**Problem details:**
Write out only the lines from the line containing "Proton, Probiotic Excellence Center" to the end of the listing below, both included, exactly as they stand. Drop the pictures.

**Material provided:**
++++++++

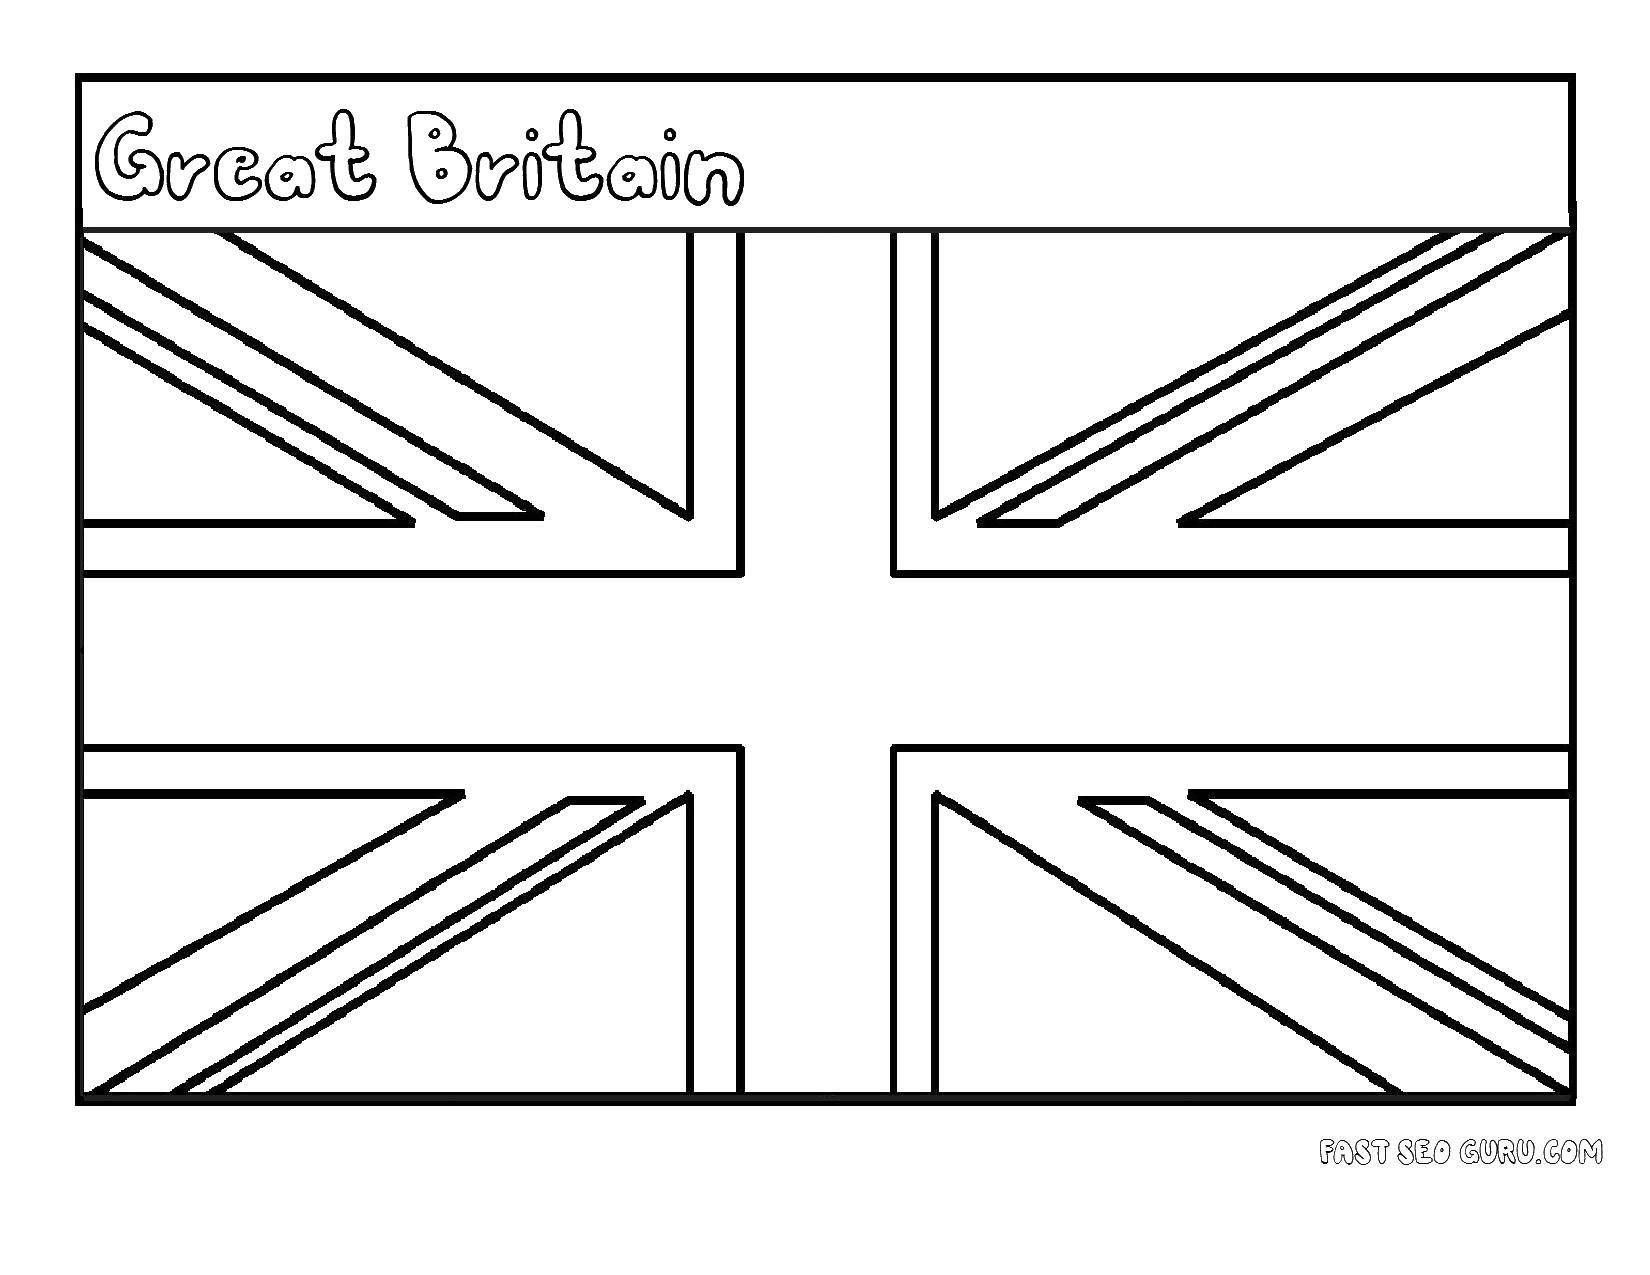 Название: Раскраска Флаг великобритании. Категория: Флаги. Теги: флаги, Британия, Великобритания.
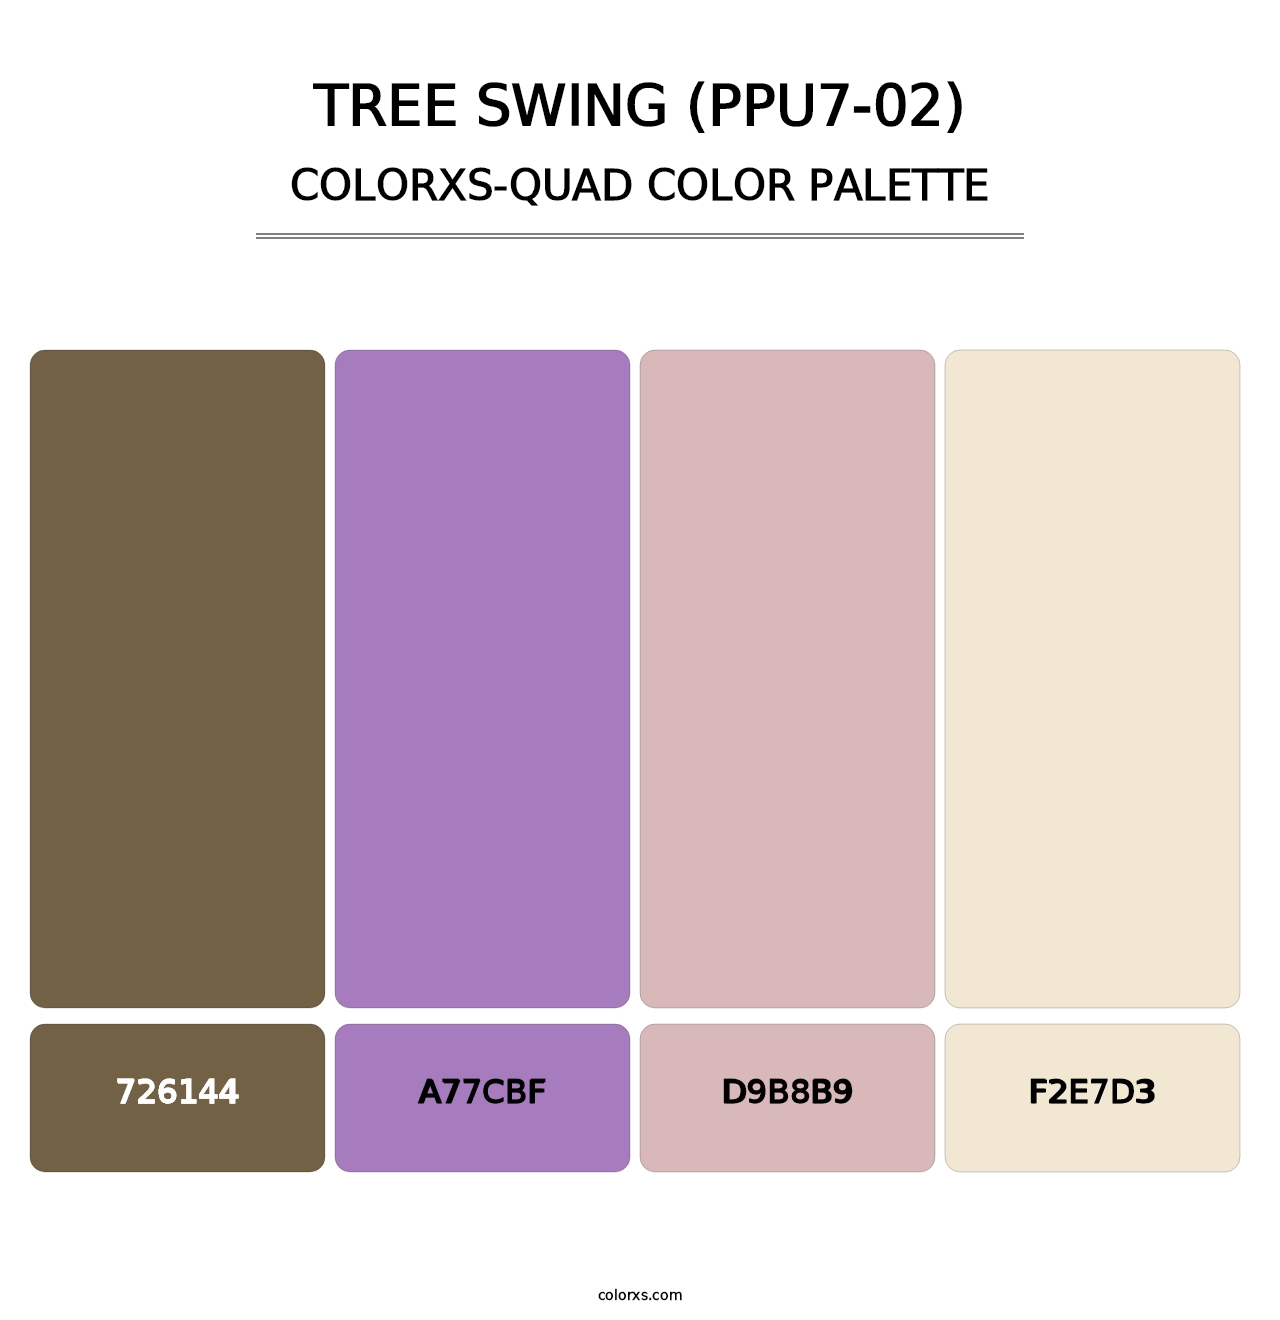 Tree Swing (PPU7-02) - Colorxs Quad Palette
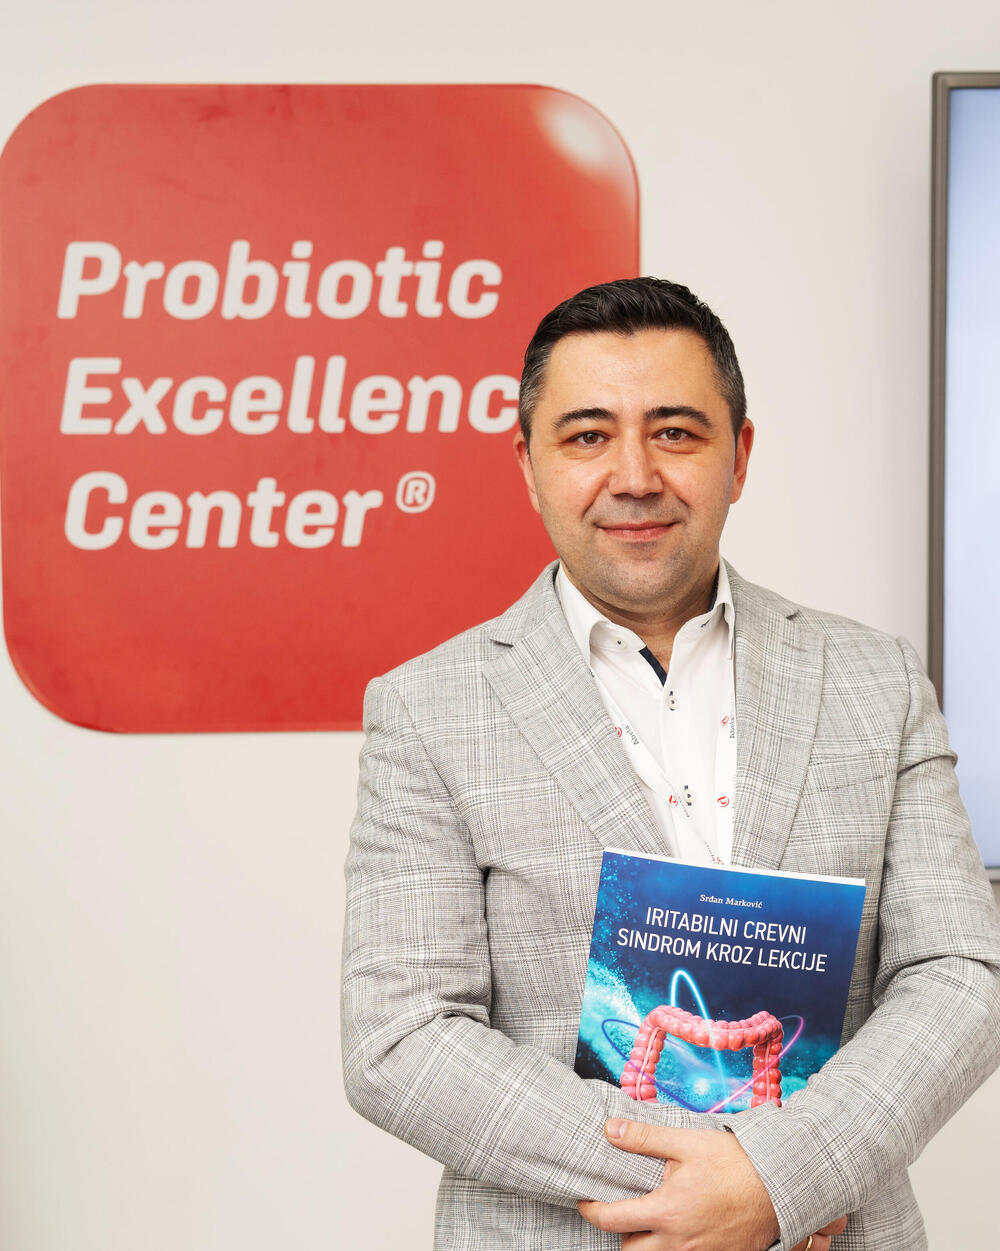 Proton, Probiotic Excellence Center
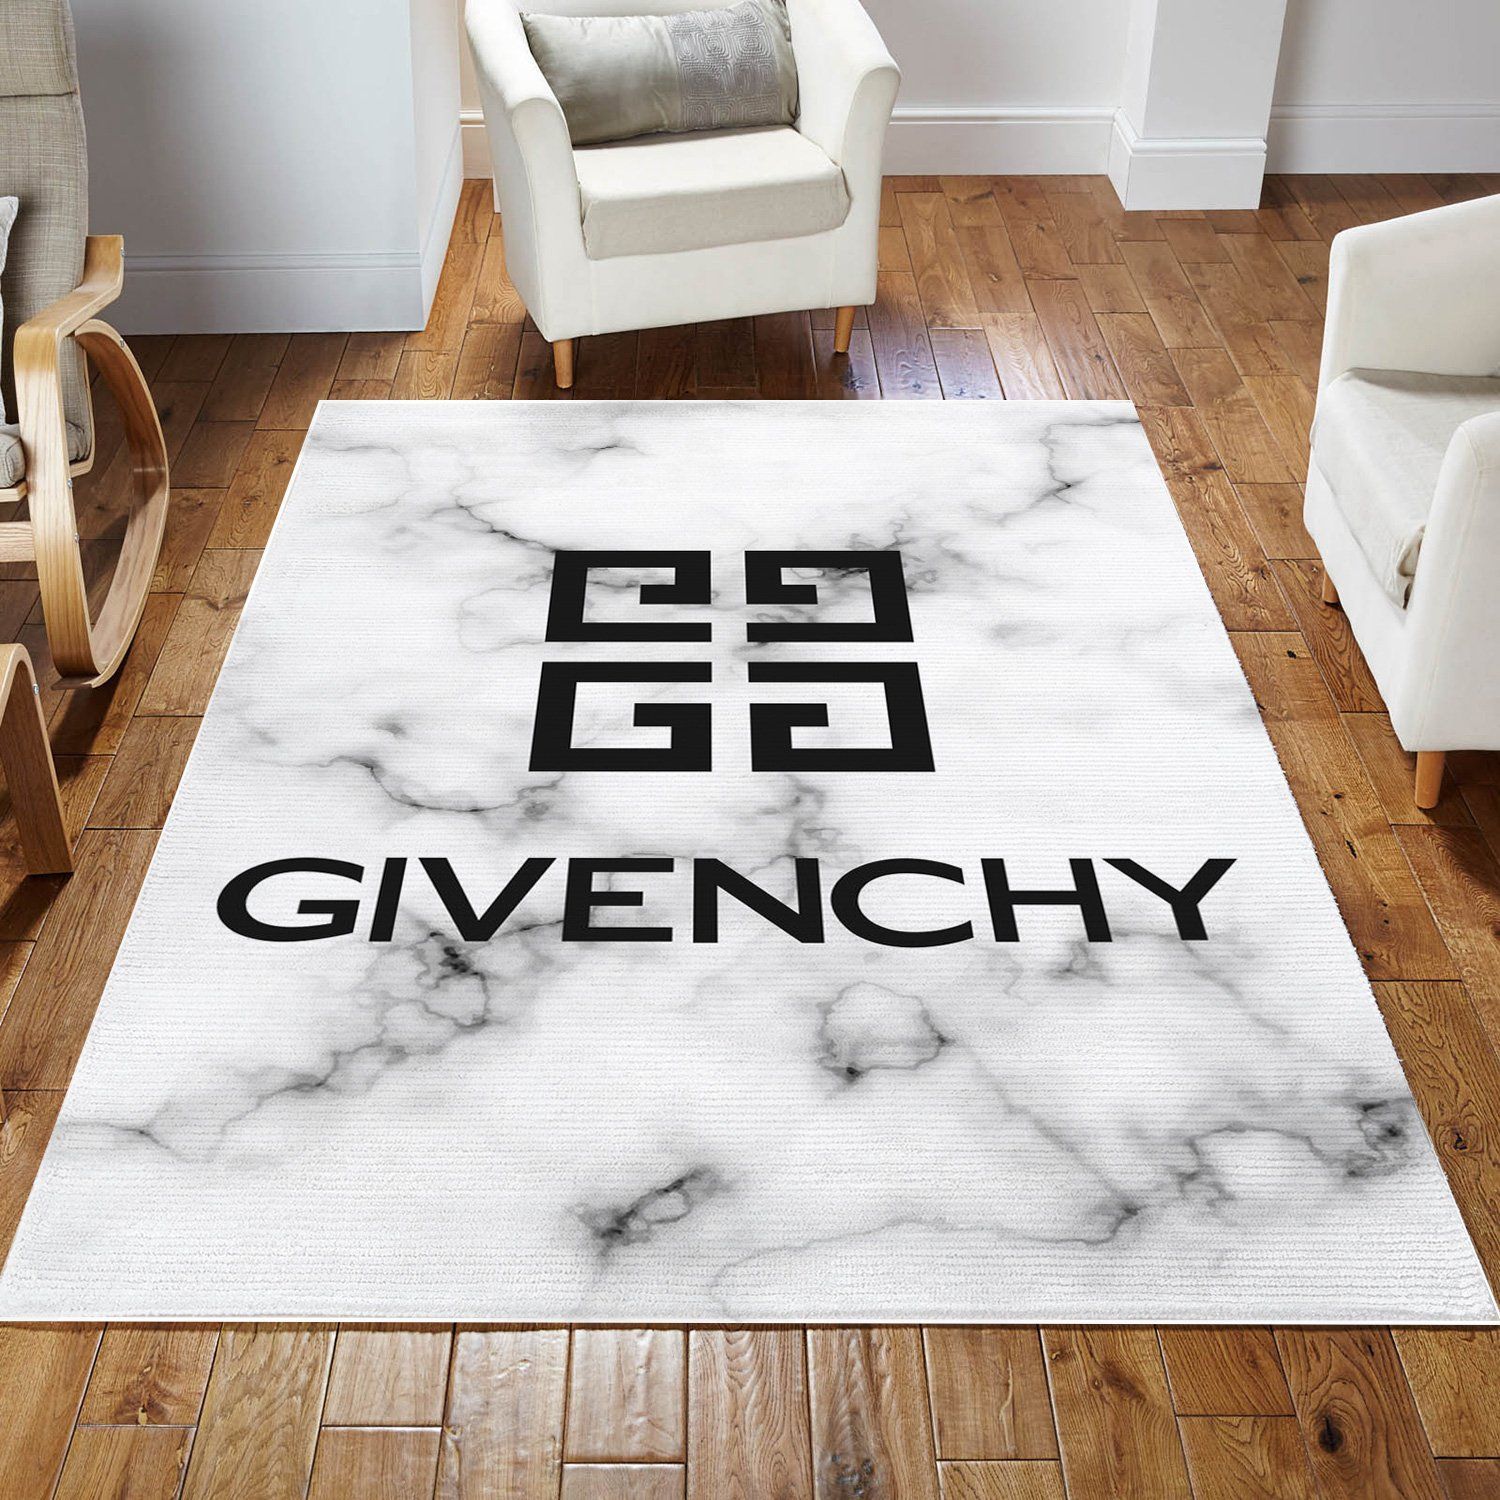 Givenchy Rug Fashion Brand Rug Home Decor Floor Decor - Indoor Outdoor Rugs 3

++++++++

**Response for this exercise:**
 Proton, Probiotic Excellence Center
 Givenchy Rug Fashion Brand Rug Home Decor Floor Decor - Indoor Outdoor Rugs 3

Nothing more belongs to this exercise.